7. Annotations from human reviewers
Both LangSmith and Phoenix let humans label trace data, “this response was good”, “this tool call was wrong”. These labels become training signal for future evals and a way to track quality drift over time.
# LangSmith
from langsmith import Client
ls = Client()
ls.create_feedback(
run_id="run_abc",
key="user_thumbs",
score=1, # 1 for thumbs up, 0 for down
comment="answer was concise and accurate",
)
Wire your product’s feedback widgets to this API. Over a month you’ll have a dataset that highlights where your agent is consistently weak, which is the actual roadmap for what to improve next.
Common Pitfalls
The ones I’ve hit on real deploys.
- Logging full prompts at INFO level. PII, secrets, and credentials end up in your trace store. Mask sensitive fields before they hit the wire. LangSmith has a
LANGSMITH_HIDE_INPUTSenv var, use it for any field you can’t sanitize. - Sampling all traces. Traces are cheap but not free. Sample at the entrypoint if you have high volume, keep 100% of errored runs and 5 to 10% of successful ones. Both LangSmith and Phoenix support head-based sampling via the OTel SDK.
- No retention policy. Trace storage grows fast. Set retention at 30 to 90 days for normal runs, longer only for traces you’ve explicitly bookmarked. Phoenix’s default is forever, which is fine until your disk fills up at 3am.
- Treating evals as one-time work. A regression set built in Q1 is stale by Q3. Refresh the dataset quarterly with real prod queries (sanitized), and version your evals so you can compare across changes.
Troubleshooting
Three failure modes you’ll see.
Traces stop appearing in LangSmith mid-run. Network blip, rate limit, or auth issue. Check LANGSMITH_API_URL connectivity from your pod, and look for 429s in the client’s debug logs. Tracing is async by default, so it doesn’t break your app, but it does silently drop spans.

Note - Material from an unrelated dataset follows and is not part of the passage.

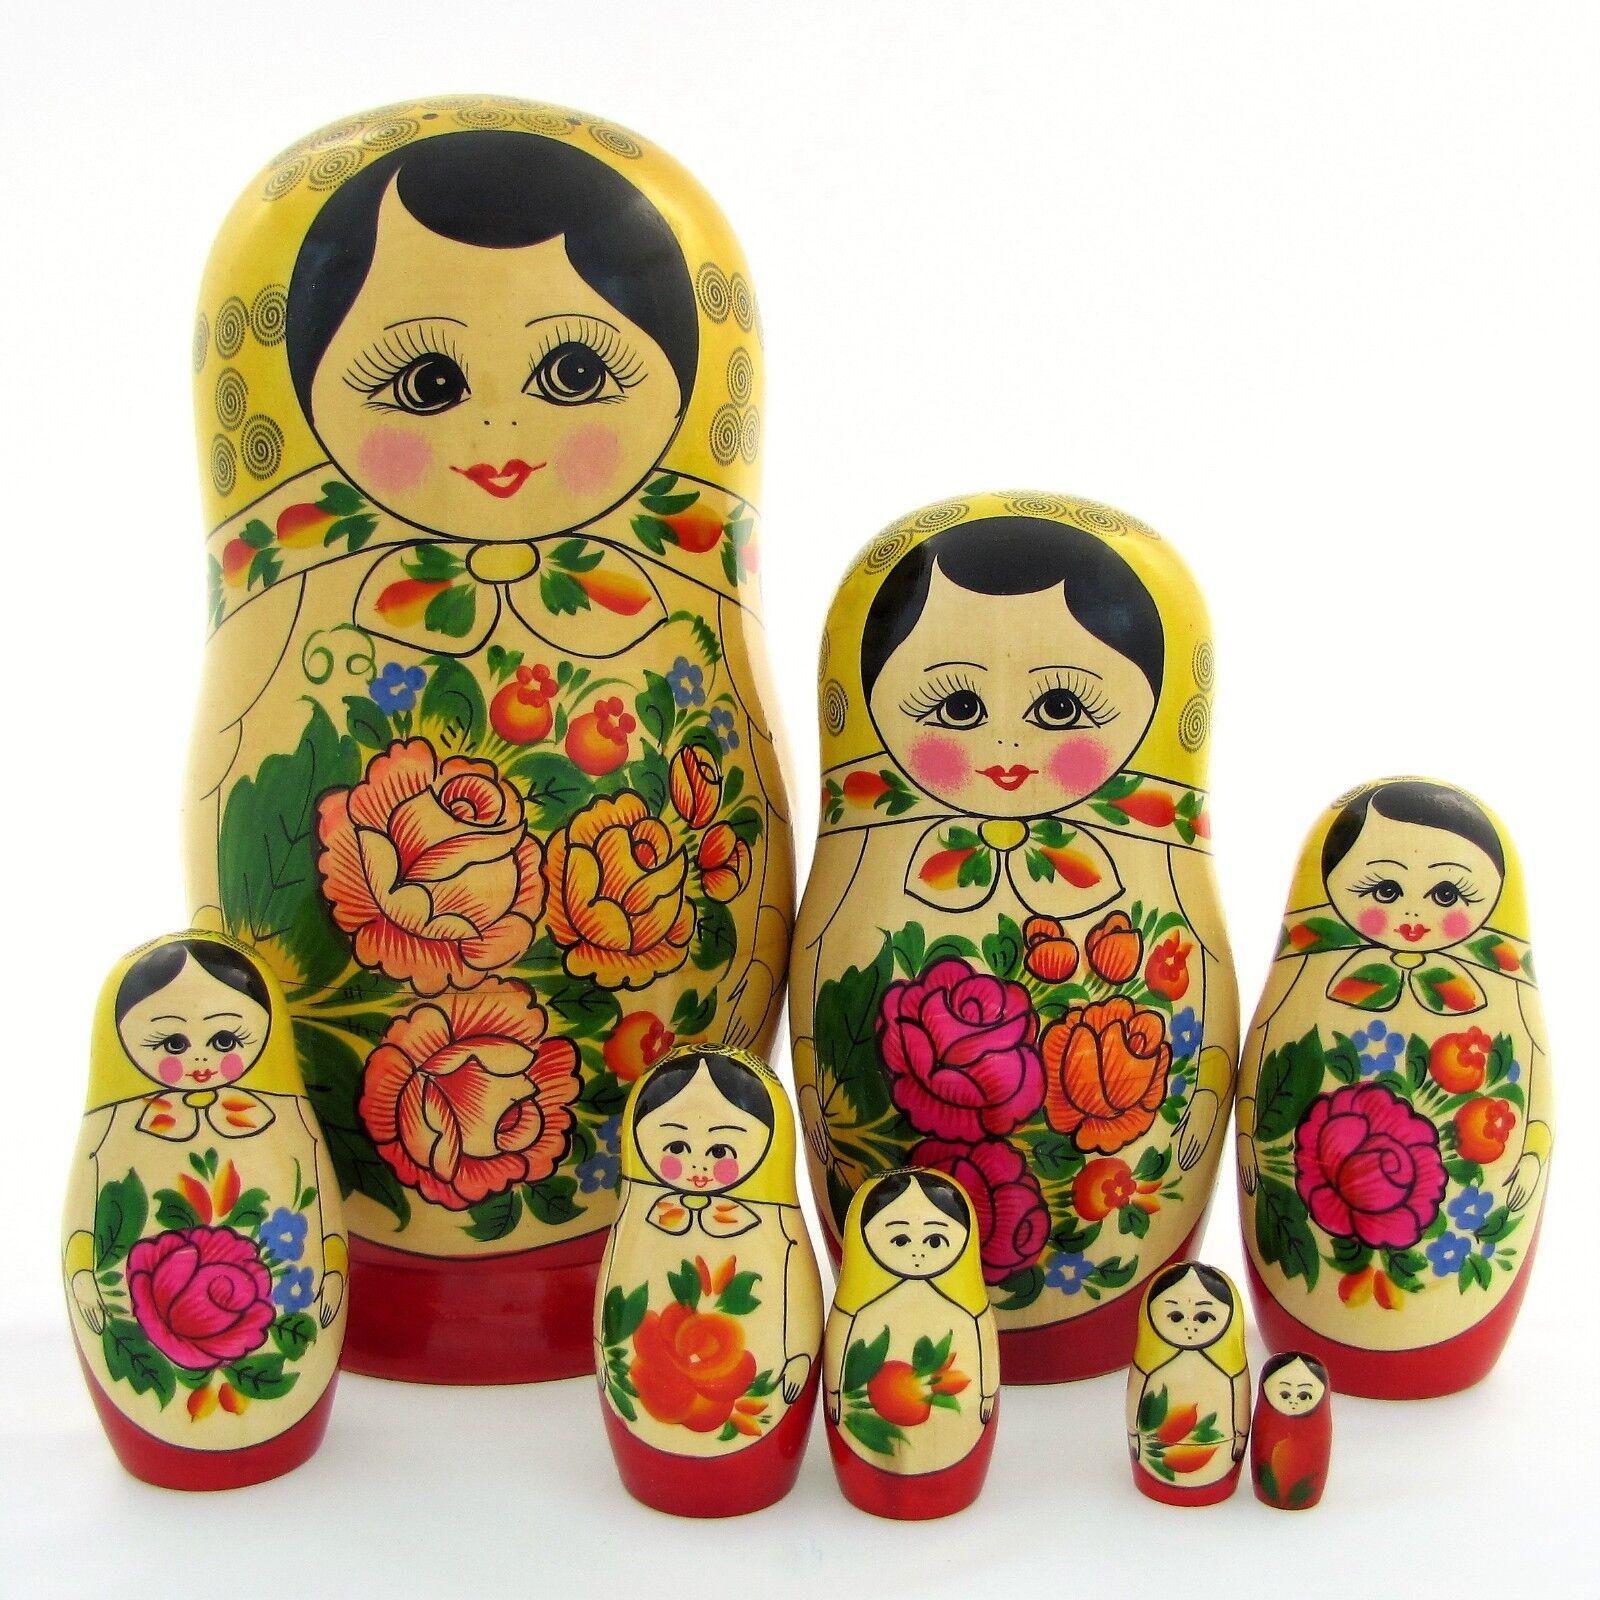 8 Poupées russes H27 Matriochka peint main signé Russian Nested Doll Gigognes

Phoenix UI shows no spans even though the app runs. OTel exporter is misconfigured. Verify endpoint points at port 4317 (gRPC) and that the container is reachable. A common gotcha, the http:// prefix is required for grpc endpoint in phoenix.otel.register.
Cost numbers in LangSmith look wildly off. LangSmith uses a built-in model price table that lags. For new models like claude-3-7-sonnet-20250219, you may need to set prices manually via the model pricing config. Phoenix has the same issue and the same fix.
Wrapping Up
Multi-agent observability is solvable in 2025 in a way it wasn’t even a year ago. LangSmith for the team that wants minimal setup, Phoenix for the team that wants control, OpenTelemetry as the wire format so you can swap. Wire all three at the start of a project, not after the first incident.

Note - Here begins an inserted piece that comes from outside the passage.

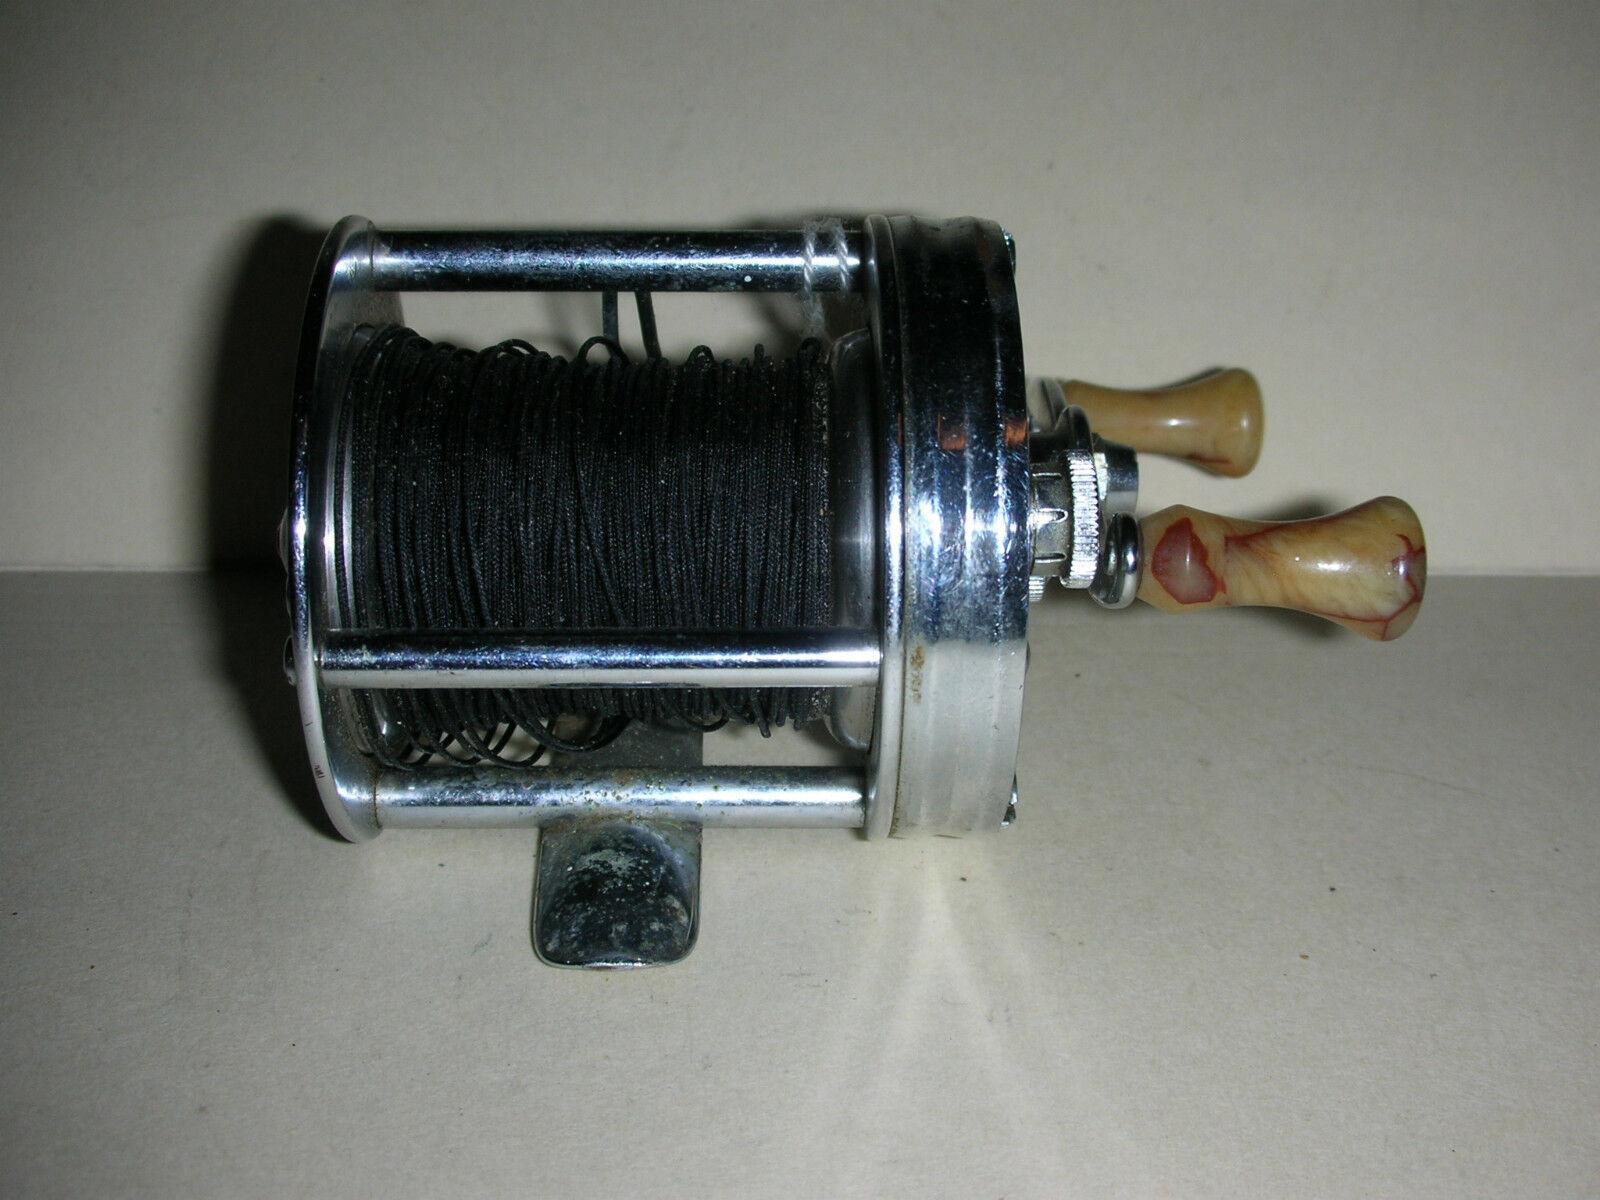 Vintage Shakespeare Criterion 1960 Fishing  Reel - Model GE - USA (G 7)  very popular

The patterns that hold up, trace everything, tag with structured metadata, evaluate against a regression set on every release, dashboard cost and latency, alert on rates not events. None of it is novel relative to general observability. The difference with multi-agent systems is that the failure modes are weirder and the costs are real per call.
The OpenInference spec defines the LLM semantic conventions both LangSmith and Phoenix follow. Worth a skim, it’s the contract that makes the ecosystem interoperable.
What’s next, building out the eval datasets is the work that pays off most over time. Start with 20 representative queries, expand quarterly, and you’ll have a regression suite that catches real problems before users do.